A simple VLA export schema:
def export_episode(grail_motion):
return {
"observation": {
"rgb": render_egocentric(grail_motion),
"proprio": grail_motion["robot_state"],
"language": "pick up the object and place it on the table",
},
"action": {
"base": grail_motion["base_velocity"],
"joints": grail_motion["g1_joint_targets"],
"hands": grail_motion["hand_dof_pos"],
},
"metadata": {
"object_usd": grail_motion["object_asset"],
"source": "GRAIL",
"sim_fps": 25,
},
}
If you are building a LeRobot-style pipeline, keep the same discipline: standardize the episode format, log RGB/proprio/action cleanly, and validate sim-to-real behavior before running the real robot.
Inference on Unitree G1
In the paper deployment, the real robot streams head-camera RGB and proprioceptive input to a desktop with an NVIDIA RTX 5090. The desktop runs inference and streams actions back to the G1. The camera is a Luxonis OAK-D W, and inference runs at 10 Hz.
The runtime loop looks like this:
OAK-D W RGB frame
|
v
Visual policy / VLA
|
v
Latent token or action chunk
|
v
SONIC controller / low-level action decoder
|
v
Unitree G1 joints + hands
|
v
New proprioception and camera frame
Deployment checklist:
| Item | Why it matters |
|---|---|
| Camera extrinsics | Wrong camera pose shifts reaching behavior |
| Joint limits | Synthetic actions may exceed real hardware limits |
| Latency | 10 Hz control needs buffering and watchdogs |
| Hand calibration | Real G1 hand contact differs from simulation |
| Emergency stop | Whole-body manipulation can cause falls and collisions |
| Domain randomization | Randomize lighting, texture, object pose, and camera noise |
A common beginner mistake is deploying too early.

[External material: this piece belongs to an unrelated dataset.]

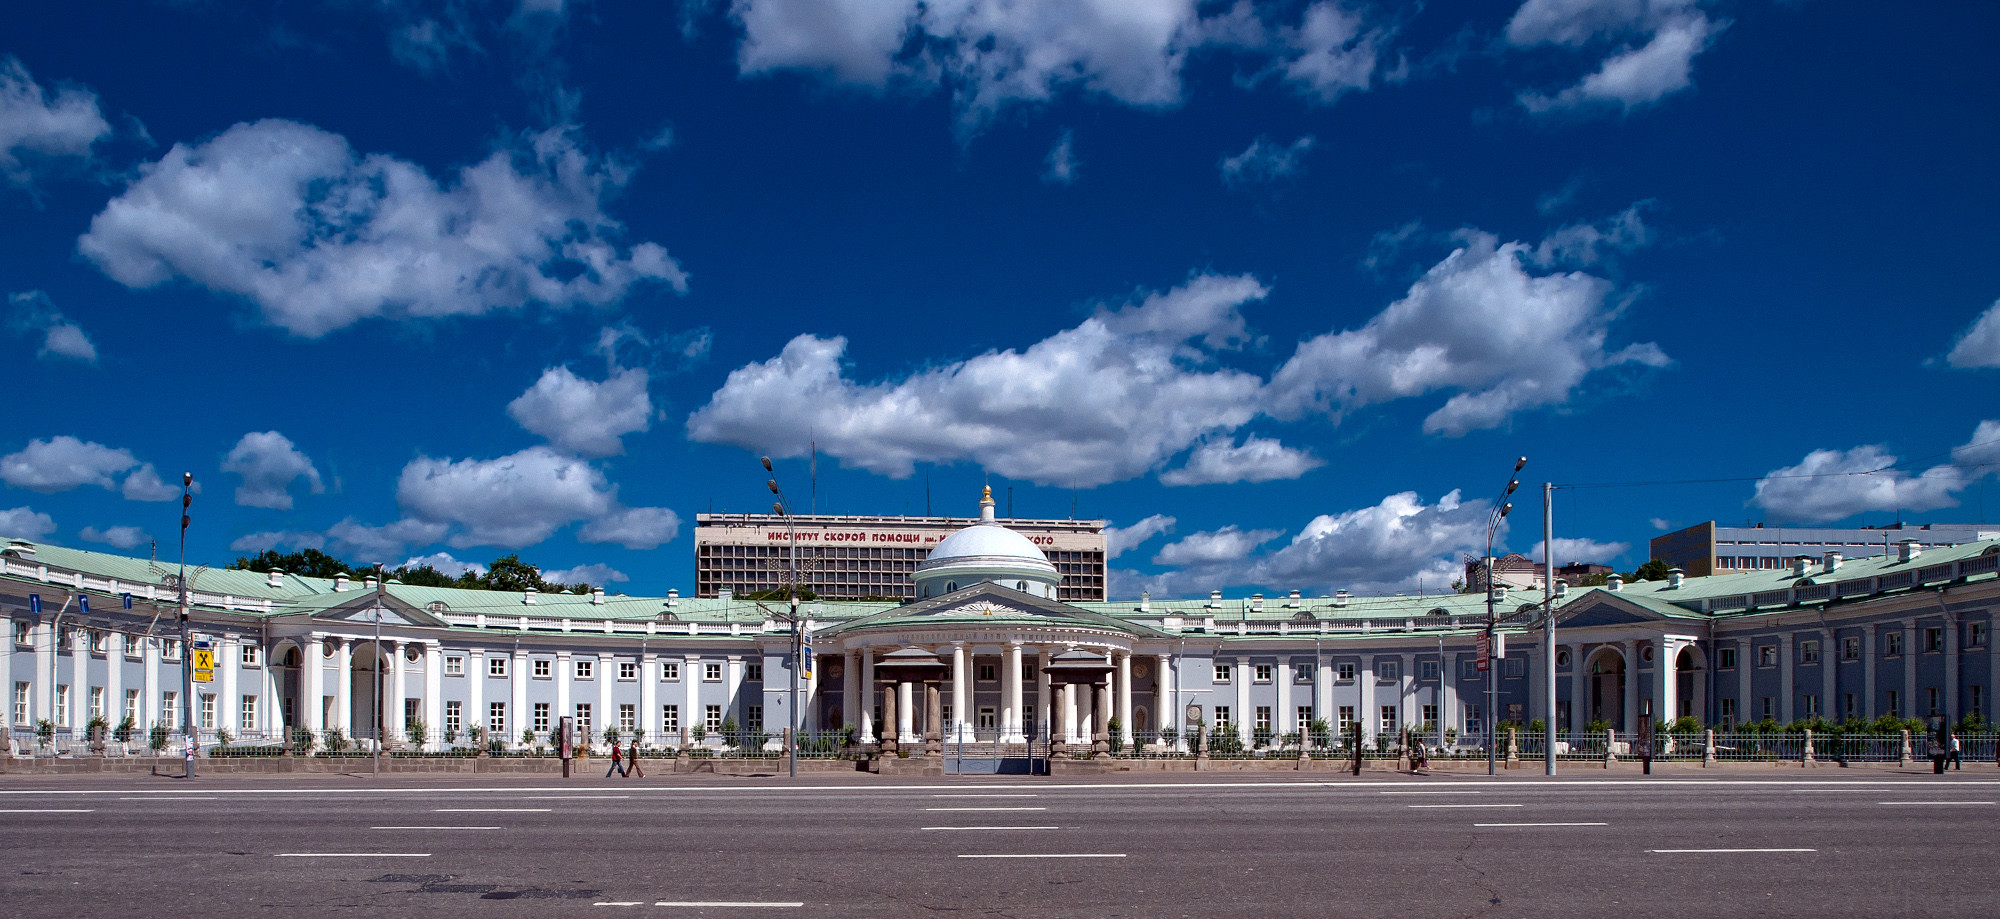 институт склифосовского в москве

Validate each layer first: visualize the trajectory, replay it in Isaac Lab, test the tracker headless, test the visual policy in simulation, run shadow mode on the G1, and only then allow the robot to apply real force.
Results and what they mean
| Experiment | Main result |
|---|---|
| HOI generation on 20 objects | GRAIL reaches 88.9% tracking SR, higher than HOIDiff, CHOIS, and DAViD |
| Task-general tracking | Full model reaches 81.4% SR, above HDMI at 48.5% and ResMimic at 49.2% |
| Real-world pick-up | 84% average on seen objects, 80% on unseen objects |
| Real-world stair climbing | 90% success |
| Dataset scale | More than 20,000 sequences, 1,000 object assets, and 1,000 terrain configurations |
The important takeaway is not only the success rate. GRAIL shows that synthetic data can become useful for humanoid manipulation when it is geometrically controlled. Video priors provide motion realism, known 3D scenes provide metric grounding, and physics simulation filters the data into robot-executable trajectories.

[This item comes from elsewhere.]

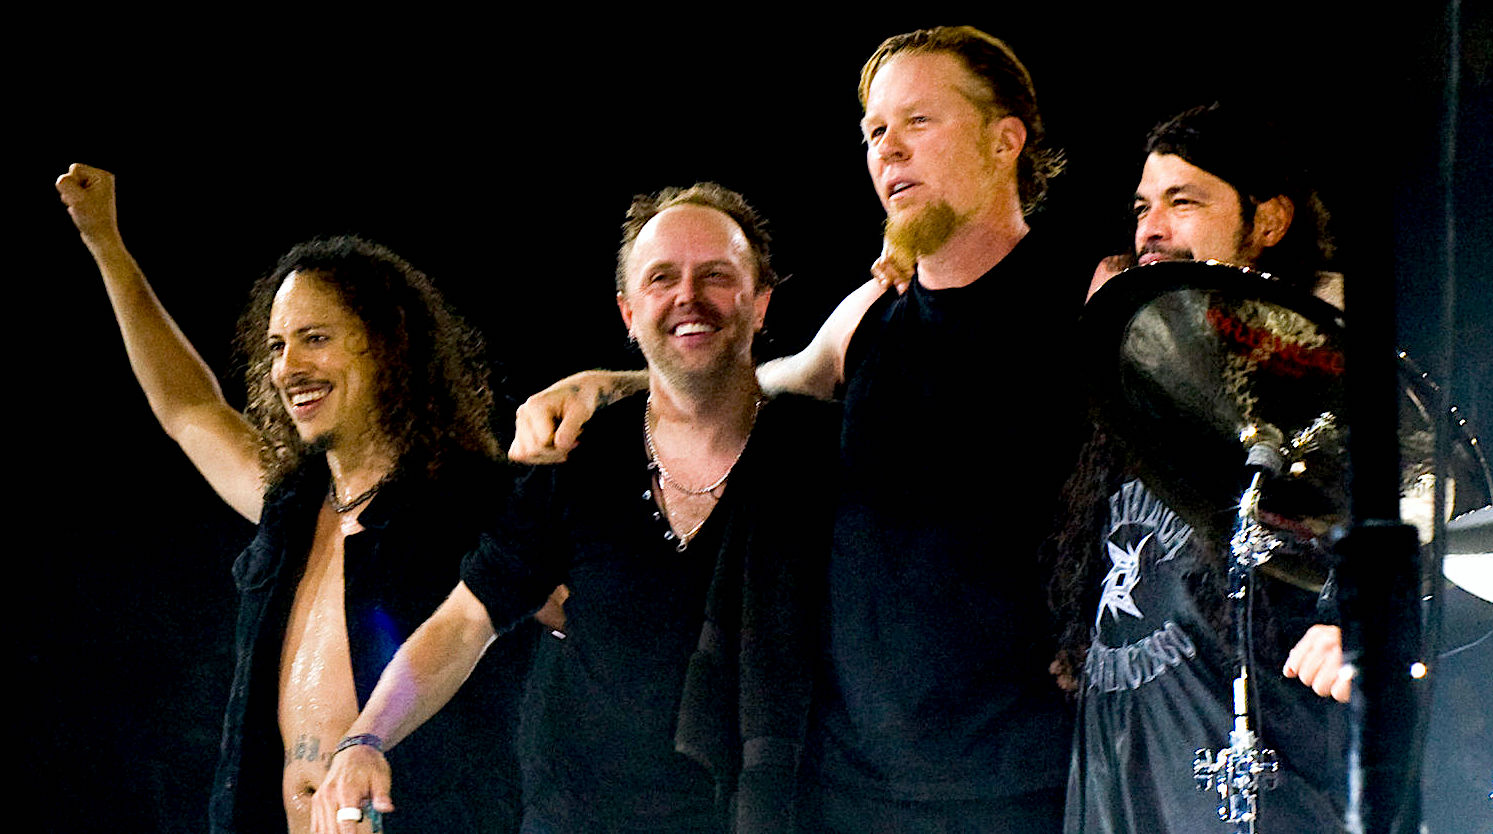 L'ingénieur de mixage explique pourquoi "Tout le monde détestait" l'album de Metallica sur lequel il a travaillé, explique ce que les gens "oublient" à propos du groupe

GRAIL still has limitations. It needs 3D assets, simulator-ready scenes, and a video foundation model that follows the intended interaction. Reconstruction can degrade under heavy occlusion, fast motion, inconsistent object appearance, or FoundationPose tracking failure. The filtering stage discards some sequences. Task-general trackers also still need training or fine-tuning when the motion family changes substantially.
Where to start
If you want to try this on a workstation:
- Install the Docker image and run the
cordless_drillquick start. - Inspect
recon_result.mp4andrecon_comparison.mp4. - Retarget one small motion to G1.

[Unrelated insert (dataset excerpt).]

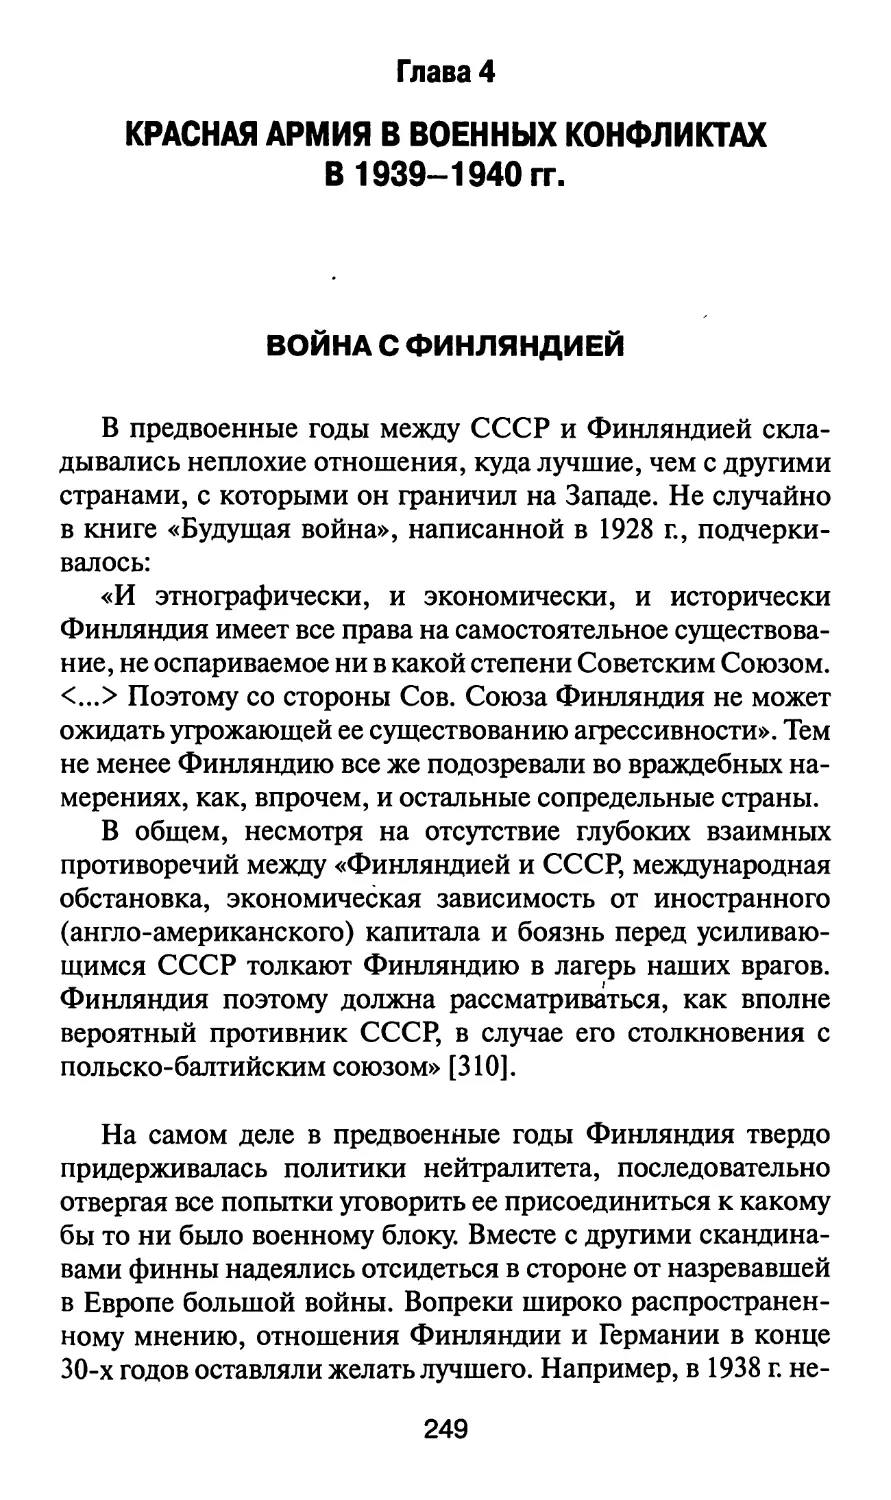 Глава 4. Красная армия в военных конфликтах 1939 - 1940 гг.

- Run the SONIC smoke test with
num_envs=4. - Export the motion into your policy episode format.
- Deploy on real hardware only after stable simulation replay.
GRAIL is a strong fit when you need more humanoid manipulation data than you can reasonably collect with teleoperation. For Unitree G1, the recipe is clear: use 3D assets to define the scene, video priors to generate behavior, 4D reconstruction to recover trajectories, SONIC to turn trajectories into control, and VLA fine-tuning to map perception to action.